* DATA IN THIS EXERCISE *
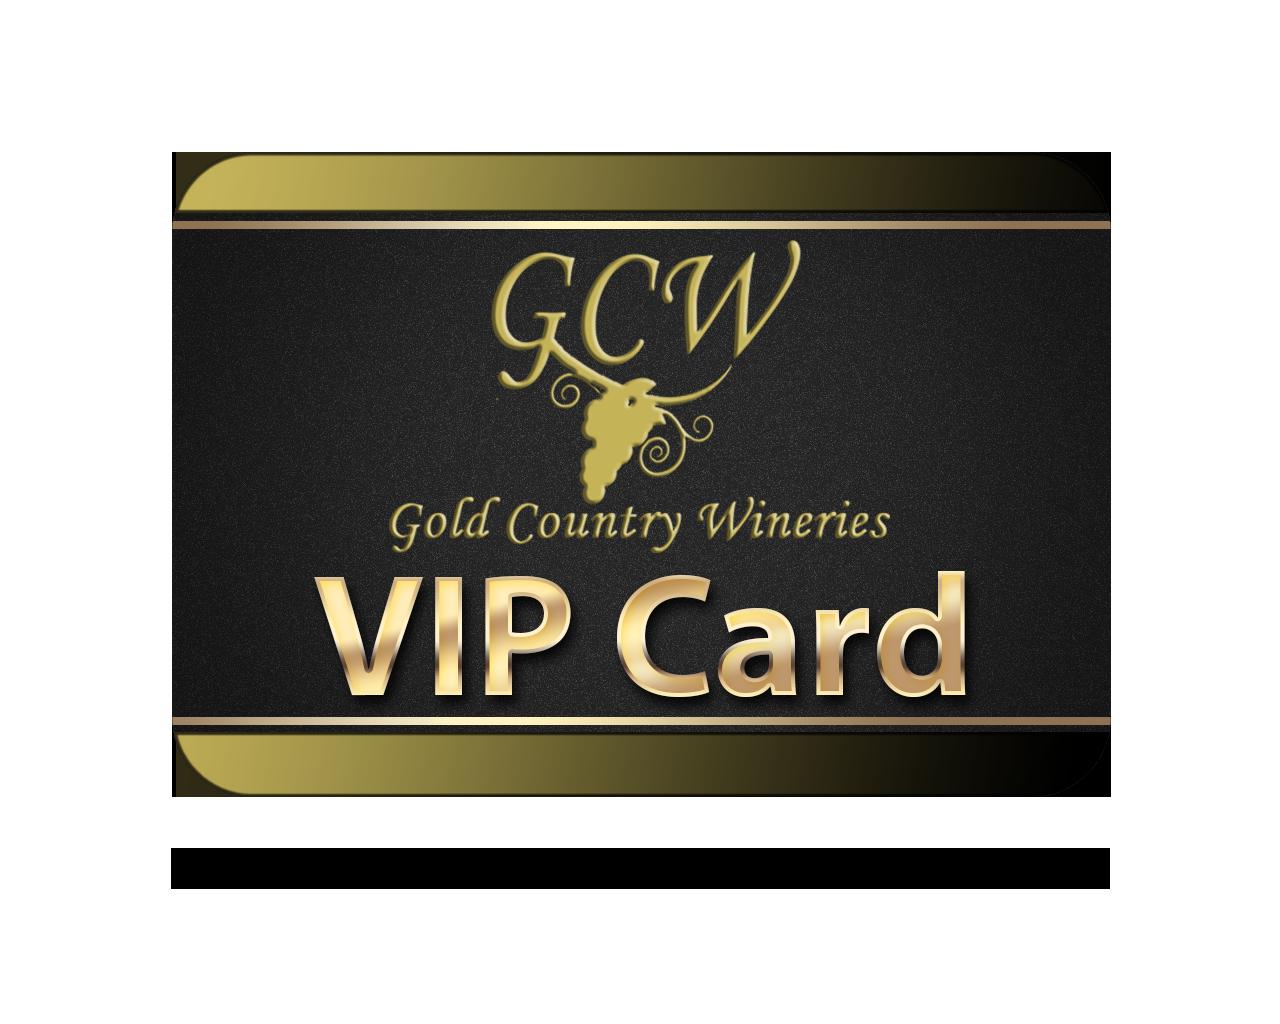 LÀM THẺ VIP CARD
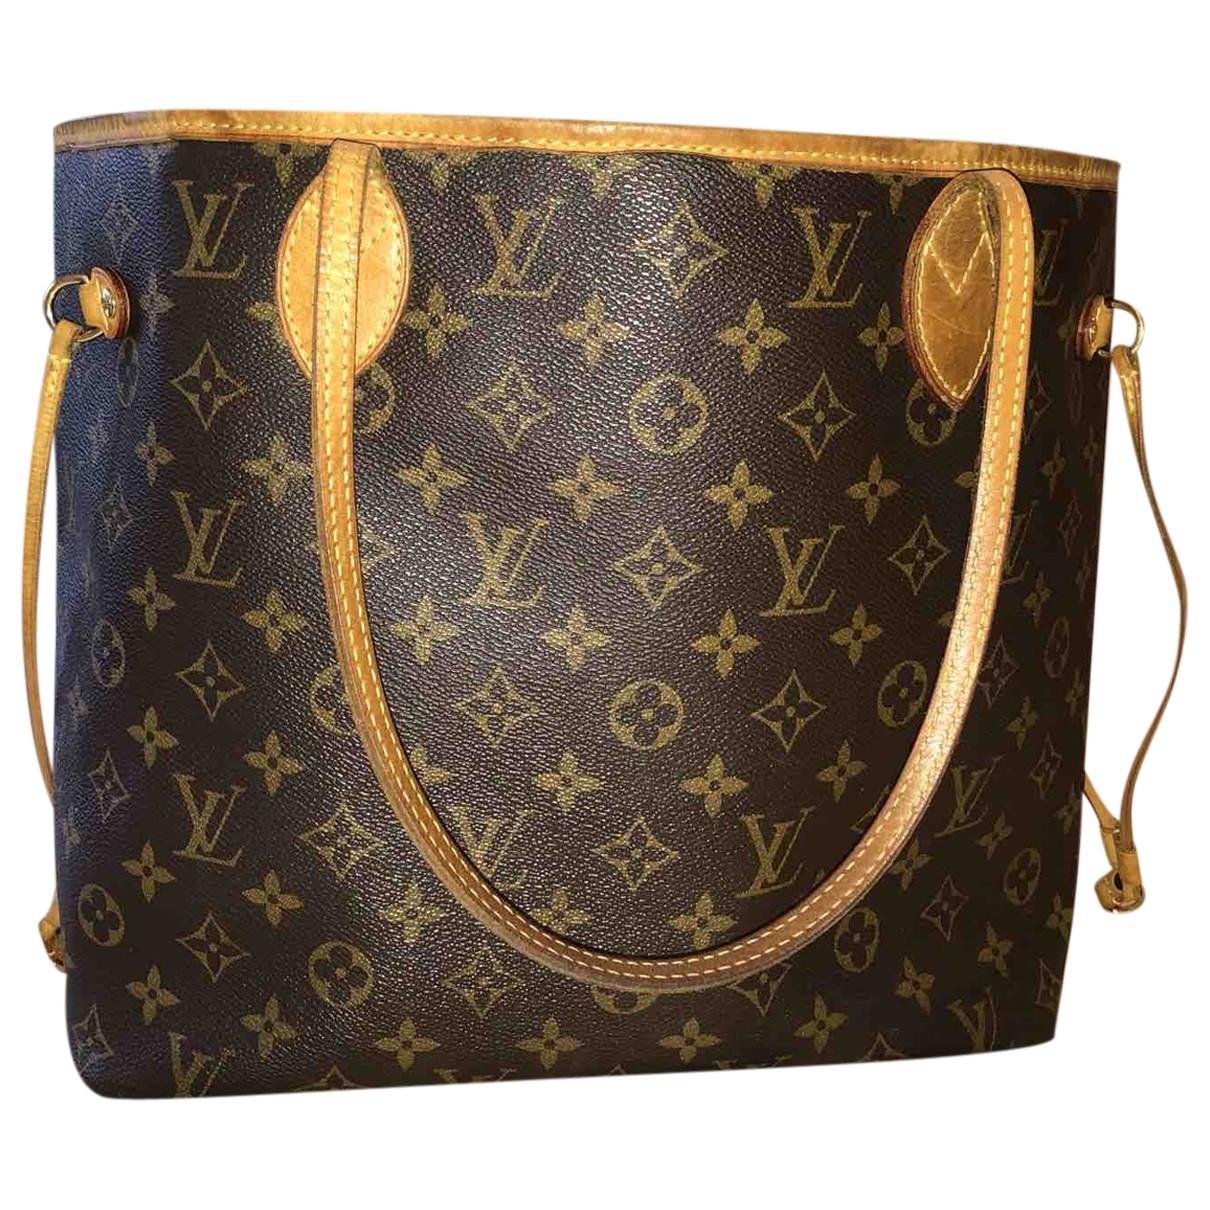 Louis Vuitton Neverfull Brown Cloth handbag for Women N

...

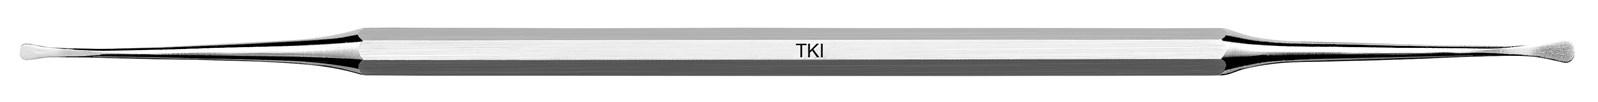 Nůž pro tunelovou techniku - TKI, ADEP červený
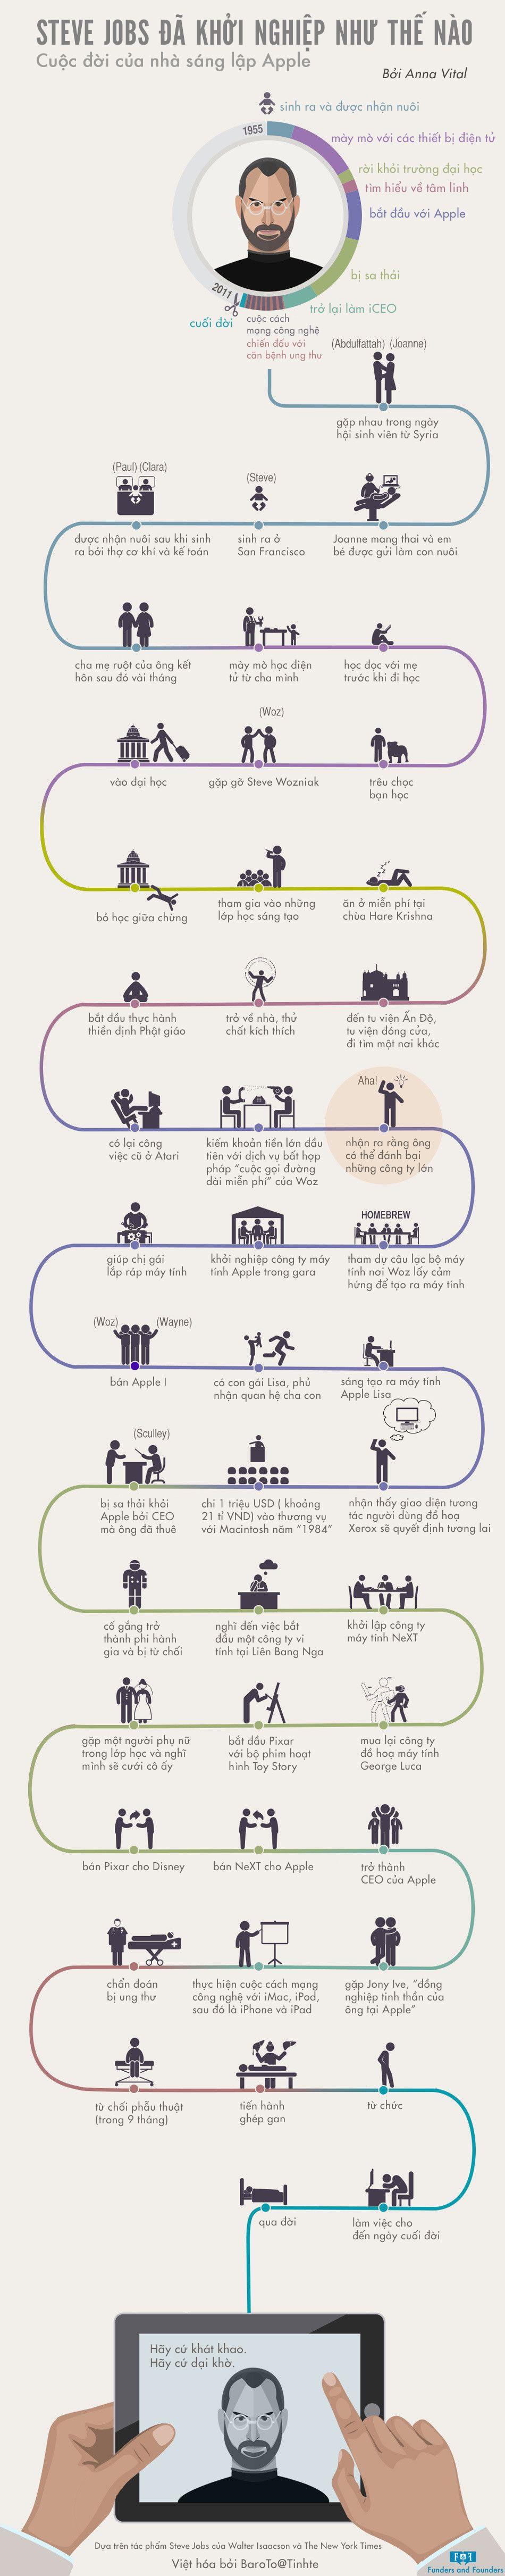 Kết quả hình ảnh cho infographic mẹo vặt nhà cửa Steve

* BRIEF *
The lines to copy exactly start with the line above that has "Nůž pro tunelovou" and go on through the line that has "Kết quả hình"; please include both, add nothing else, and omit the pictures.

* RESPONSE *
 Nůž pro tunelovou techniku - TKI, ADEP červený
 Kết quả hình ảnh cho infographic mẹo vặt nhà cửa Steve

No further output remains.